17. These sub-regional groupings, for instance, must seriously pursue the formation, proper funding and efficient administration of standby military outfits that will help contain military adventurers and the rampaging waves of terrorism and religious extremism in different parts of the continent. But this must be supplementary to and not a substitute for their primary goals of promoting active trade, minimising trade barriers, encouraging sustainable and inclusive economic growth, promoting human capital development as well as promoting value addition in agriculture and agro-business development among others.
18. In the same vein, the immense potentials of the African Continental Free Trade Area (AfCFTA) can only be maximally realised when there is concrete and proper economic integration and collaboration at the different sub-regional levels. We must deliberate at this Summit on ways through which African sub-regional organisations can help foster better intra-African trade, achieve better food and energy security, promote higher rates of youth employment as well as alleviate poverty and realise greater prosperity for our people.
19. This Summit must discuss ways of making the African Peer Review Mechanism (APRM), which is a key component of the New Partnership for African Development (NEPAD), contribute to achieving good governance and democratic consolidation on the continent. All too often, African leaders intend on staying in power by all means and at all costs have been the greatest stumbling blocks to good governance and democratic progress in their respective countries.

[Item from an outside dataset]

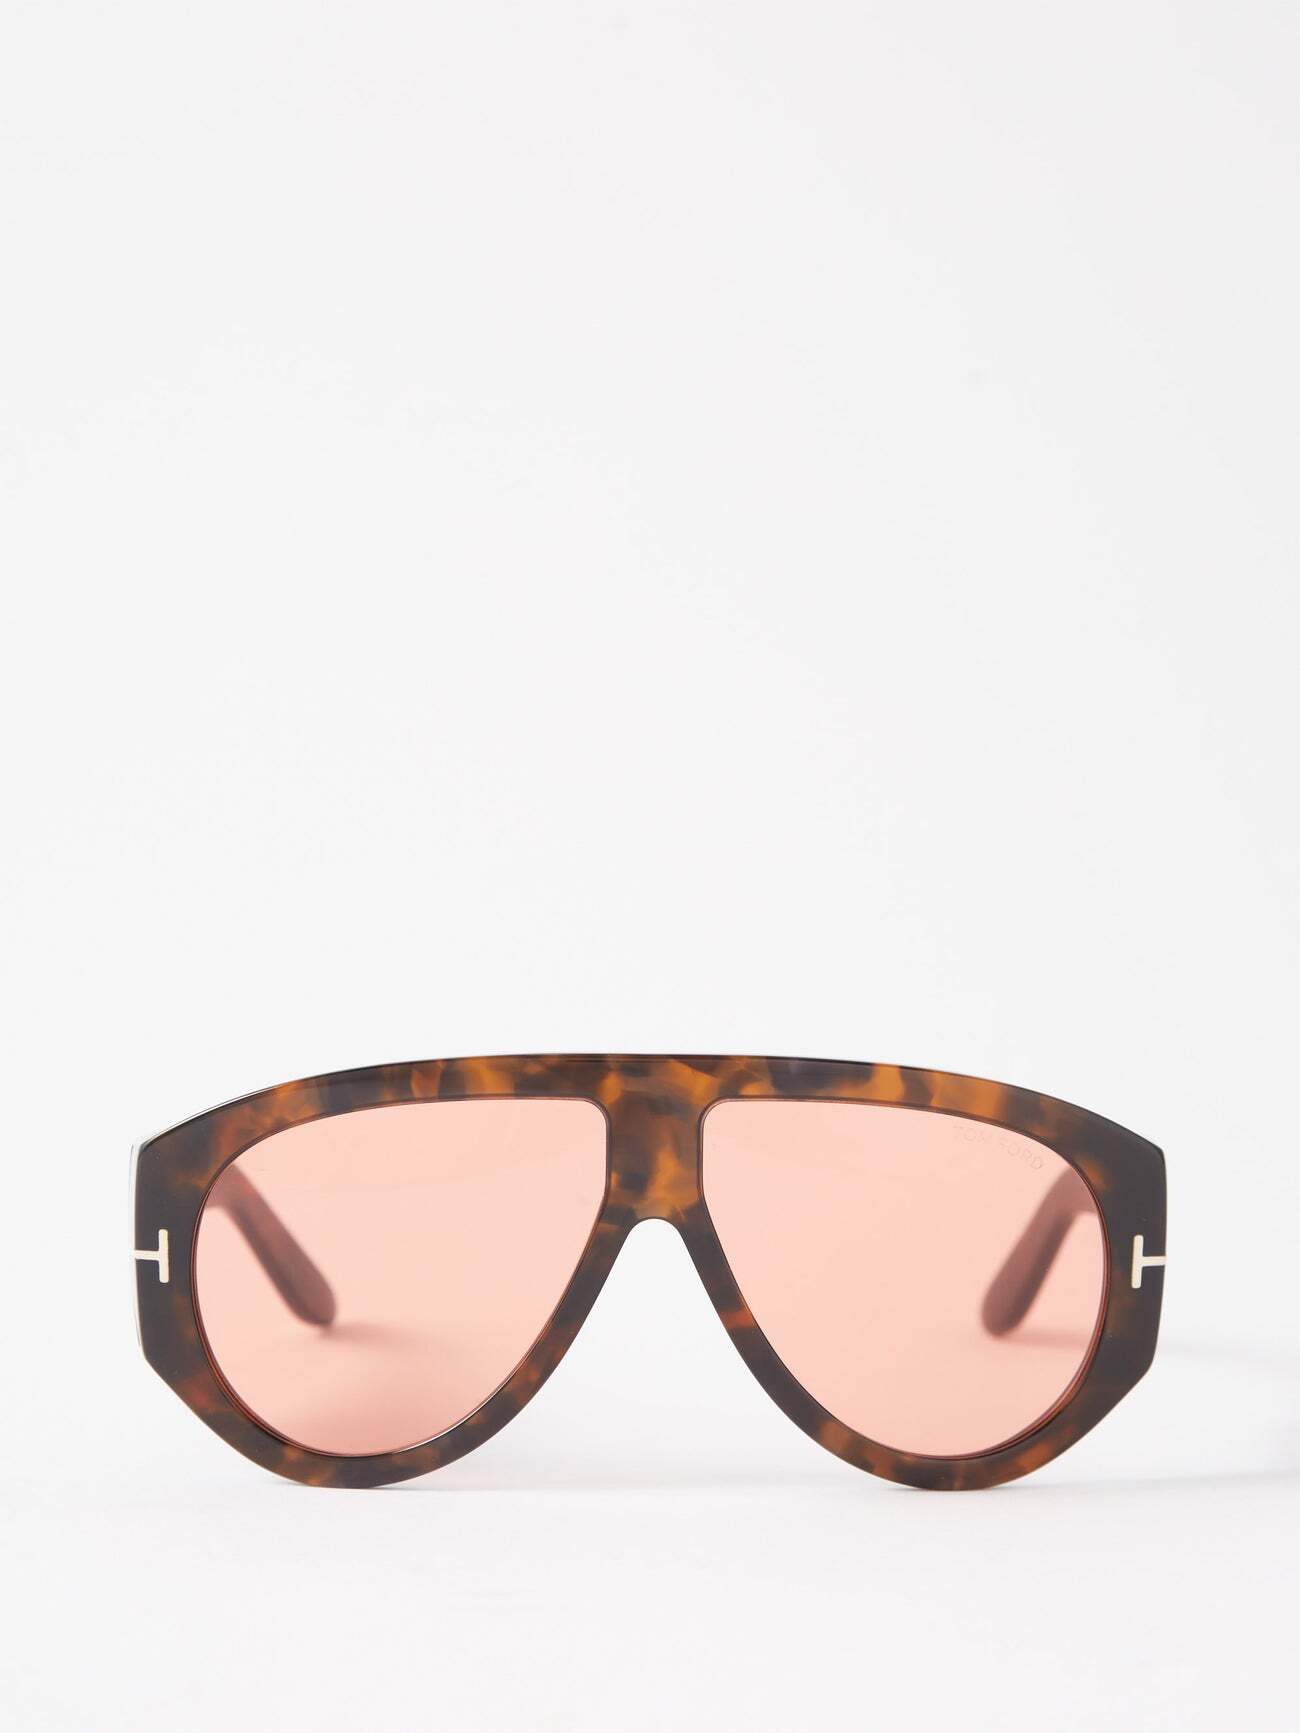 Tom Ford Eyewear - Bronson Aviator Acetate Sunglasses - Womens - Brown Multi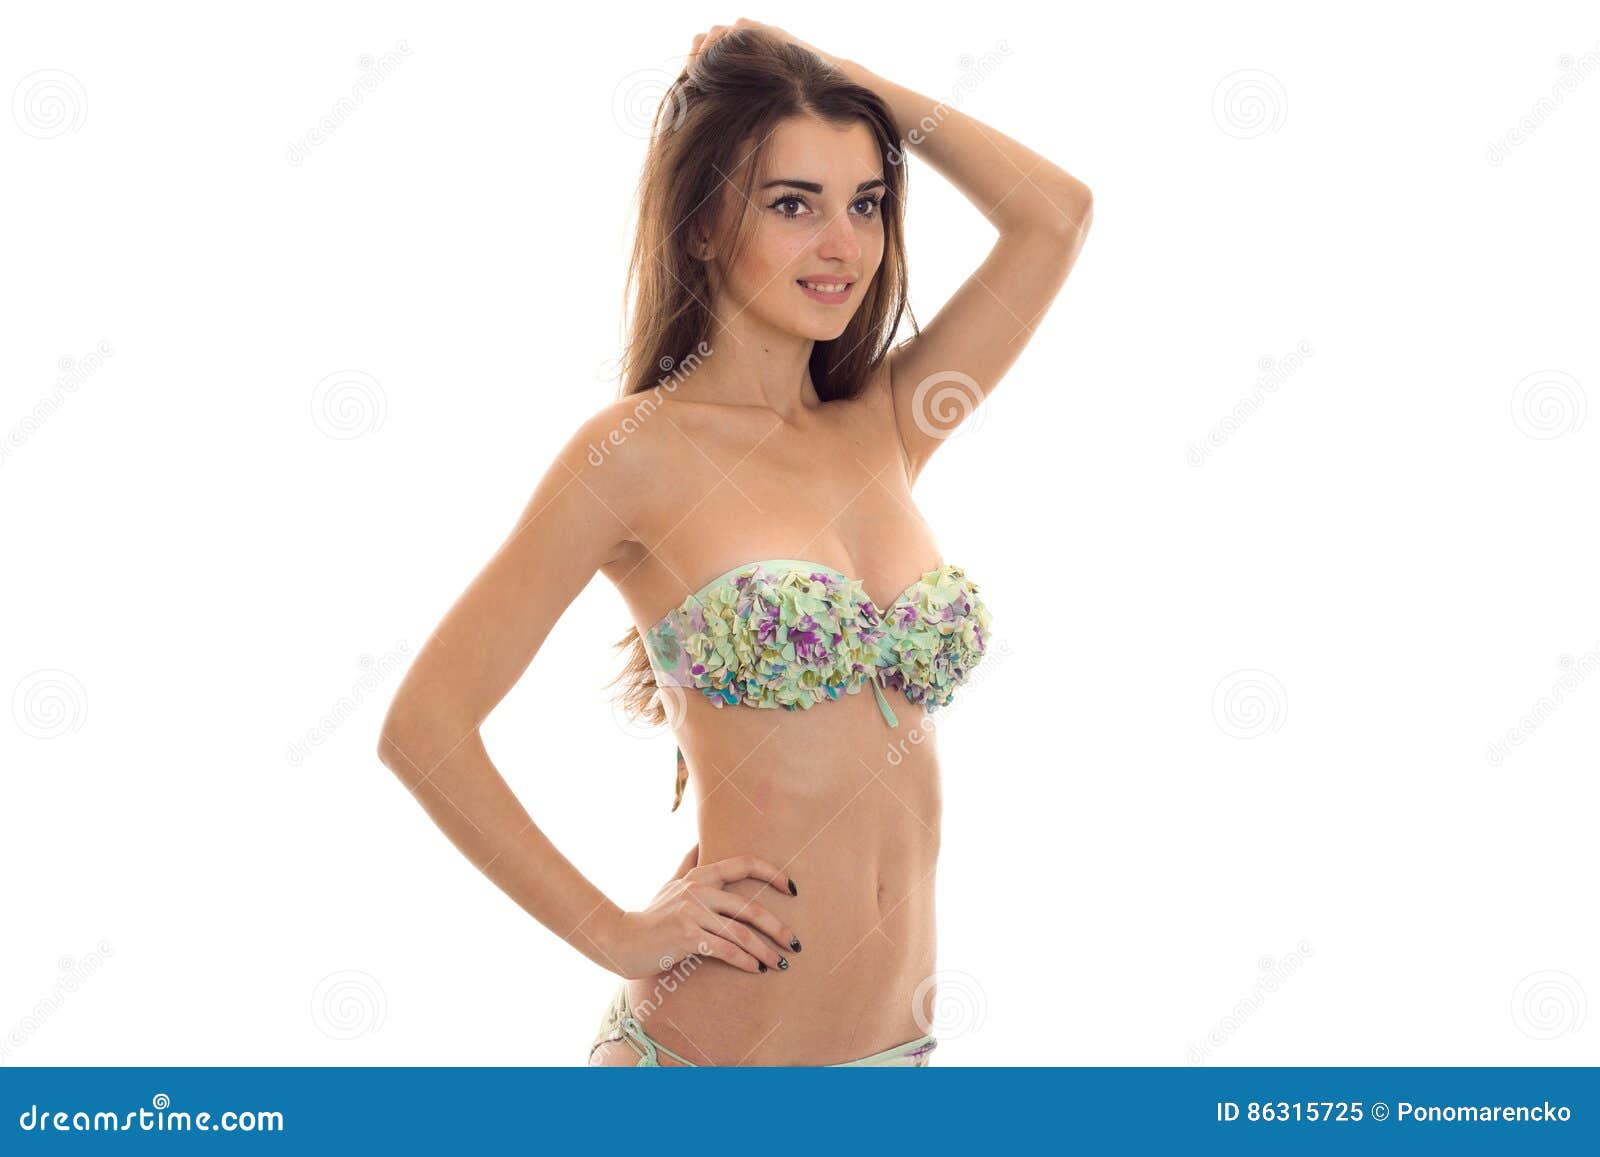 bridgette mosley add skinny teen large breasts photo

20. Those of us privileged to be in leadership positions must utilise the instrumentality of the African Peer Review Mechanism to call our aberrant colleagues to order. We must set and demand from African leaders standards of democratic behaviour that uphold free, fair and credible elections, eliminate attempts to remove constitutionally stipulated term limits by incumbents and respect the autonomy and integrity of critical institutions such as the judiciary and the legislatures that are indispensable to good governance.
21. ‘Every generation’, the great Walter Rodney declared over five decades ago, ‘must out of relative obscurity discover its mission and having done so, betray it or fulfill it’. It is the historic responsibility of those of us who are alive and conscious adults in today’s Africa to work assiduously towards actualising the potential of this great continent.
22. Africa can no longer afford to be the doormat of the world; a continent of street beggar economies that perennially hold out begging bowls for loans or aid. It is time for Africa to truly come of age and begin to fulfill her historic destiny for the good of her people and the benefit of humanity.
I wish you fruitful deliberations. And I thank you for listening.